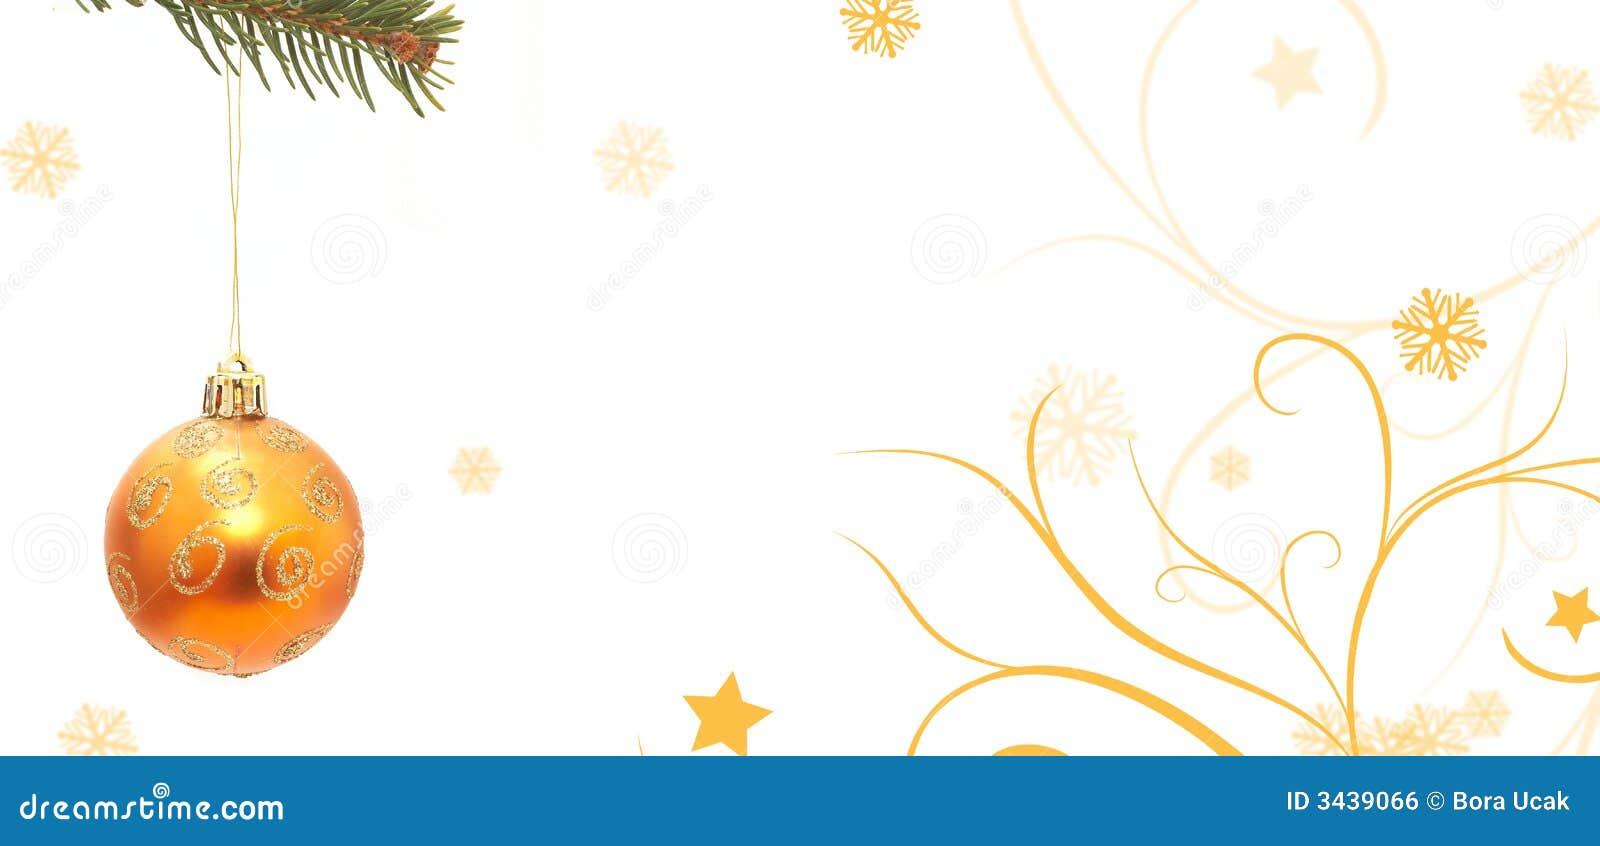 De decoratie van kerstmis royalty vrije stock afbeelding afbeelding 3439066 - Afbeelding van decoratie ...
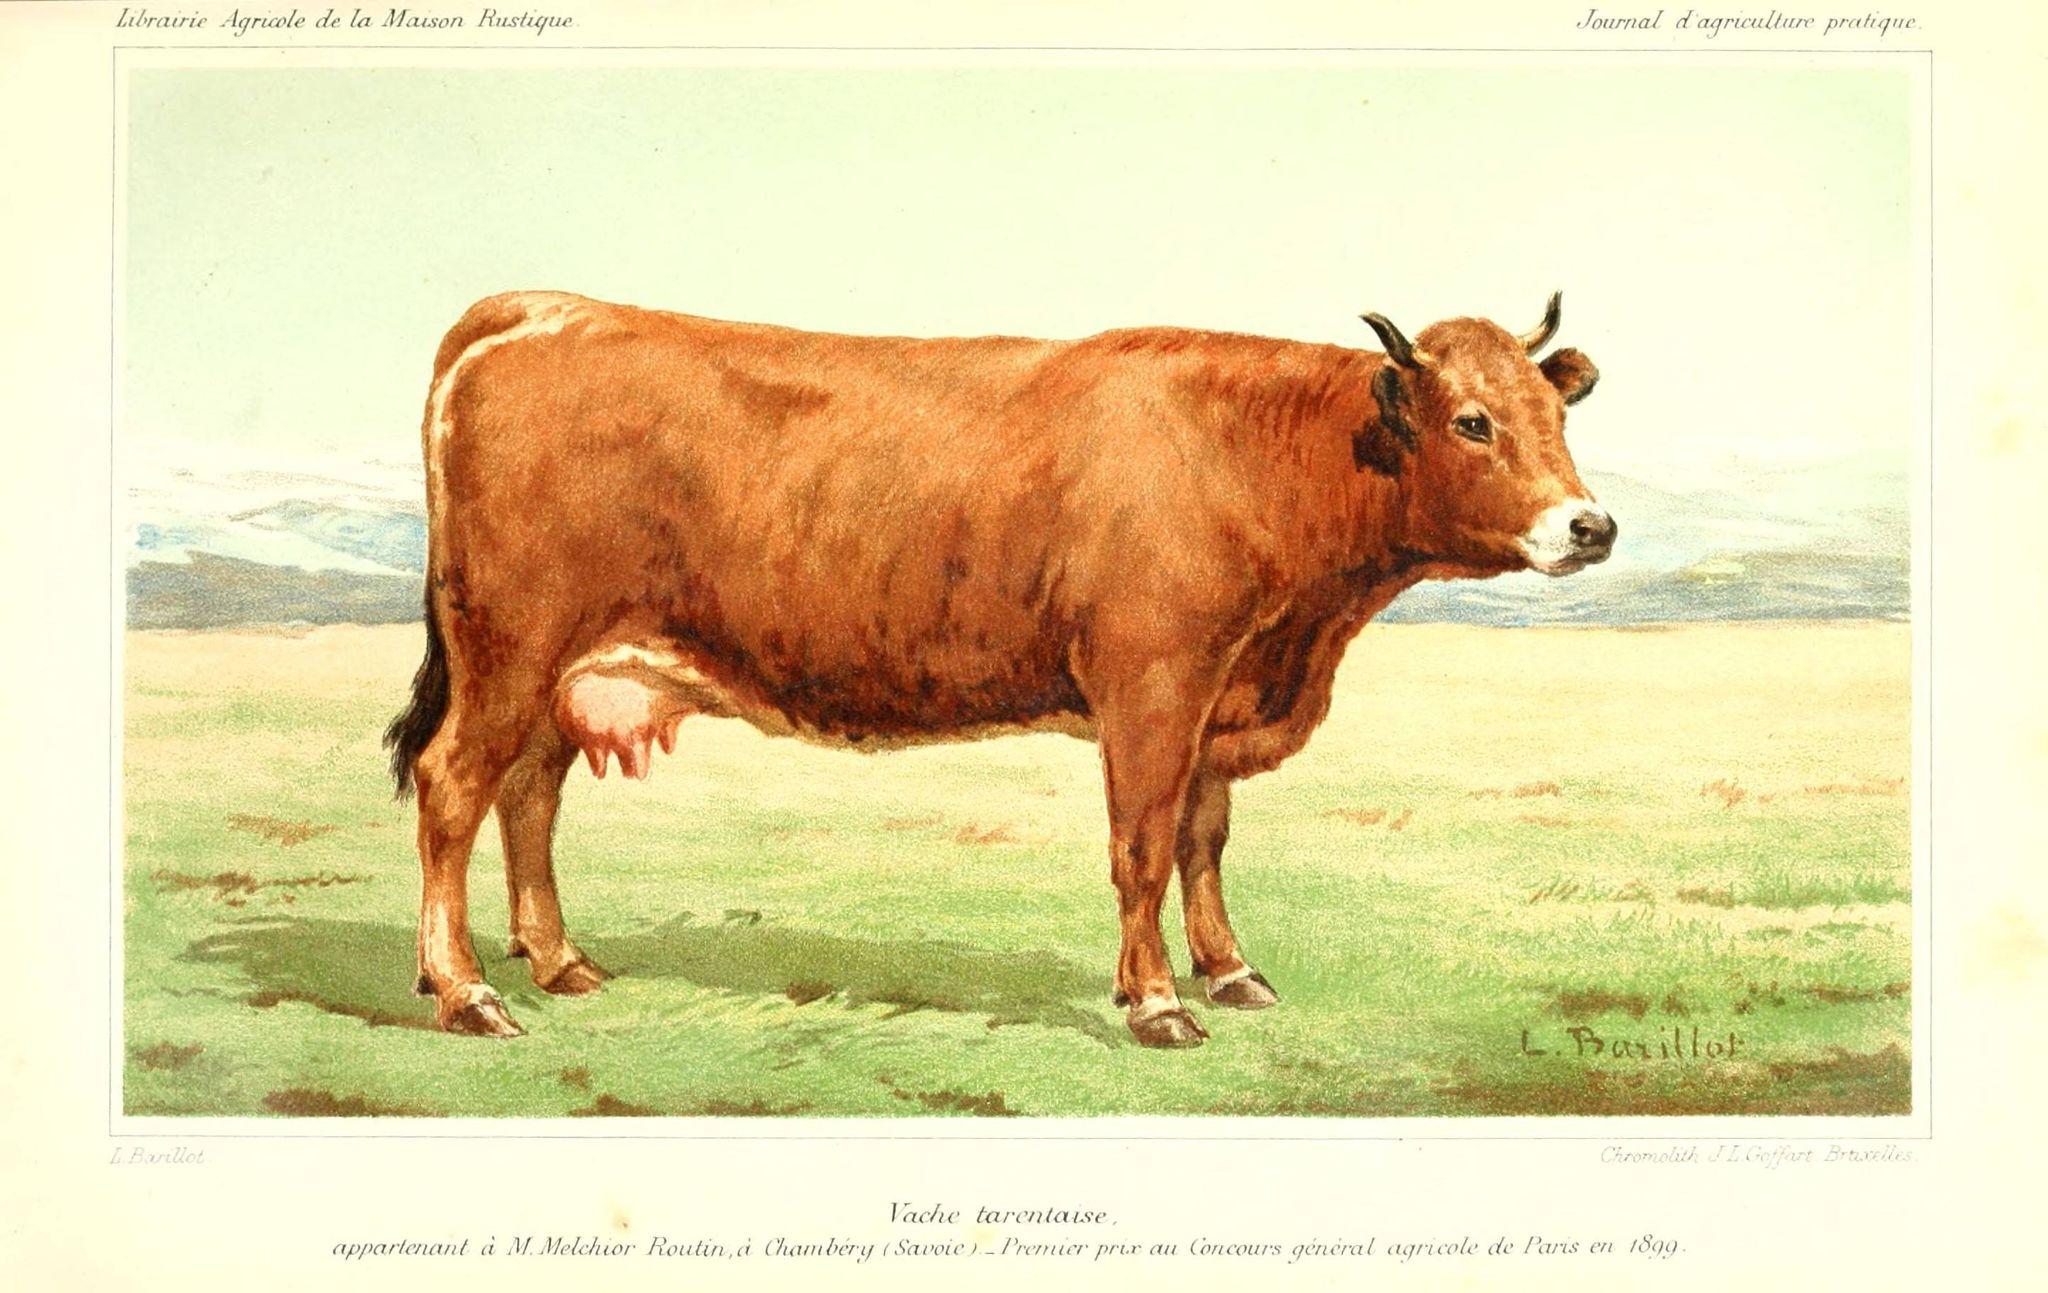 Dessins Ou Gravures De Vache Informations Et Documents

━━━

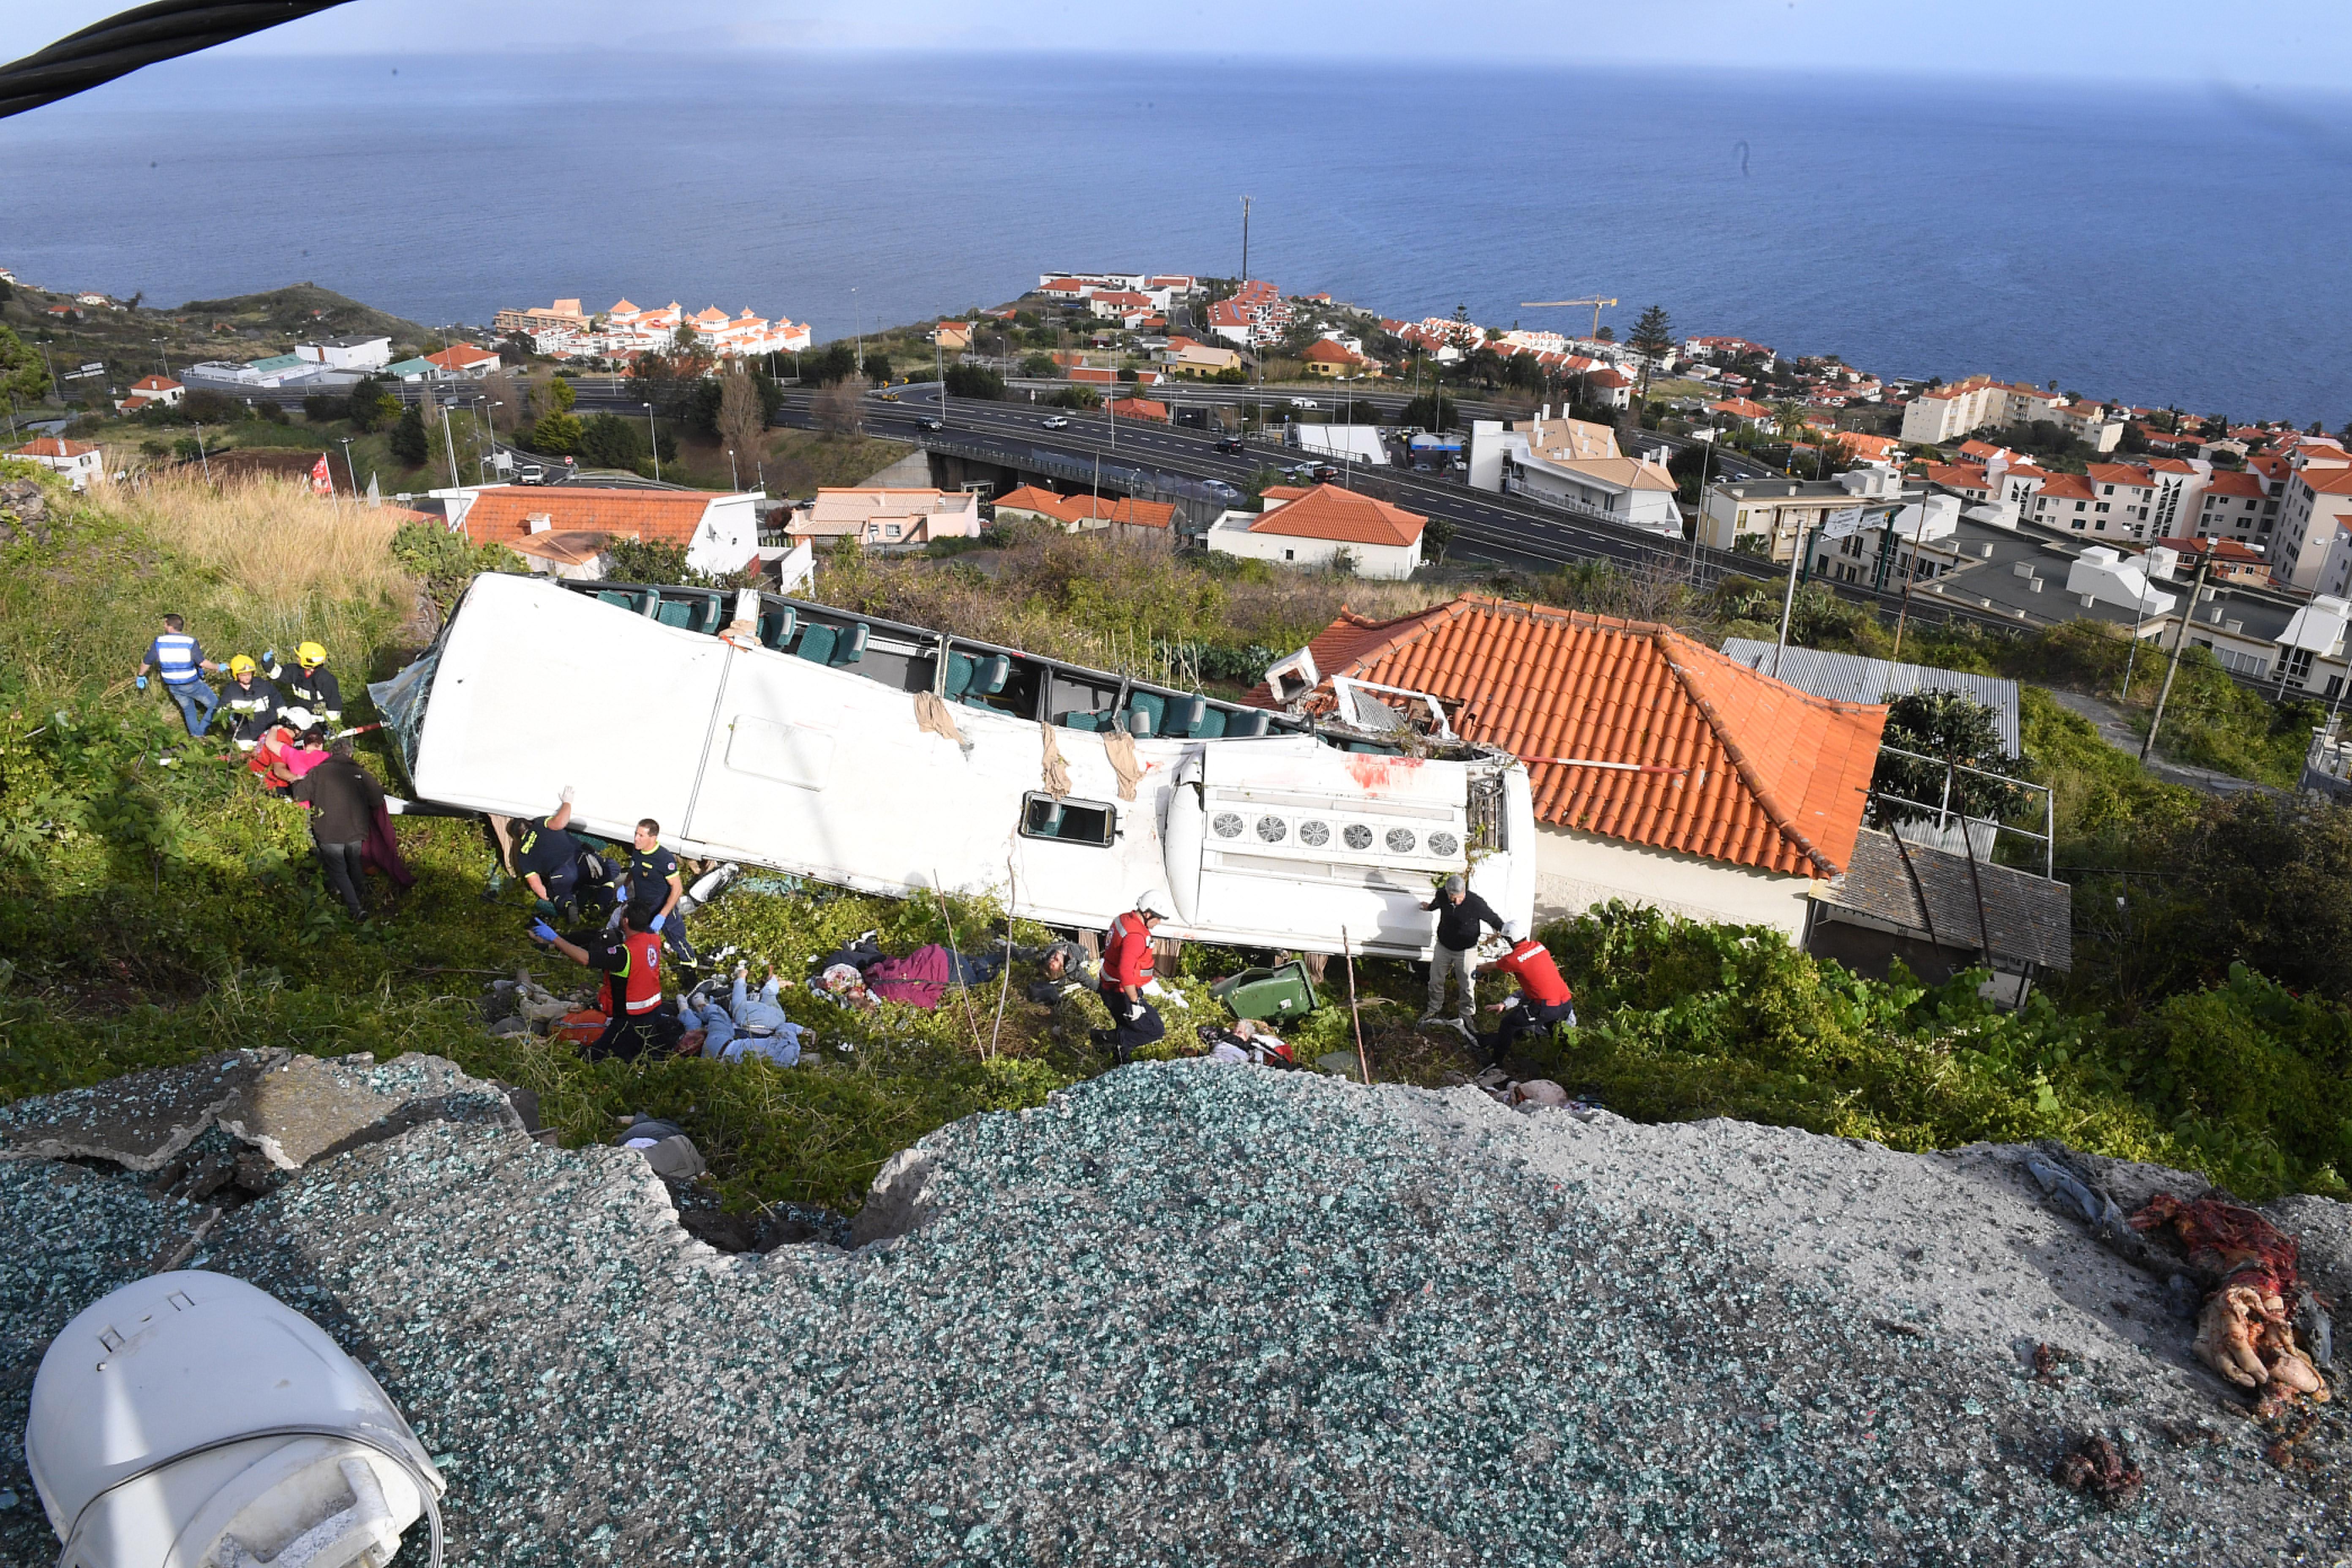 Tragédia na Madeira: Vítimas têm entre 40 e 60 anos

━━━

Exercise directions
Starting at the line with "De decoratie van" in the entries above, write out every line exactly until the line with "Dessins Ou Gravures" has been written. Include no pictures and nothing more.

Output below
 De decoratie van kerstmis royalty vrije stock afbeelding afbeelding 3439066 - Afbeelding van decoratie ...
 Dessins Ou Gravures De Vache Informations Et Documents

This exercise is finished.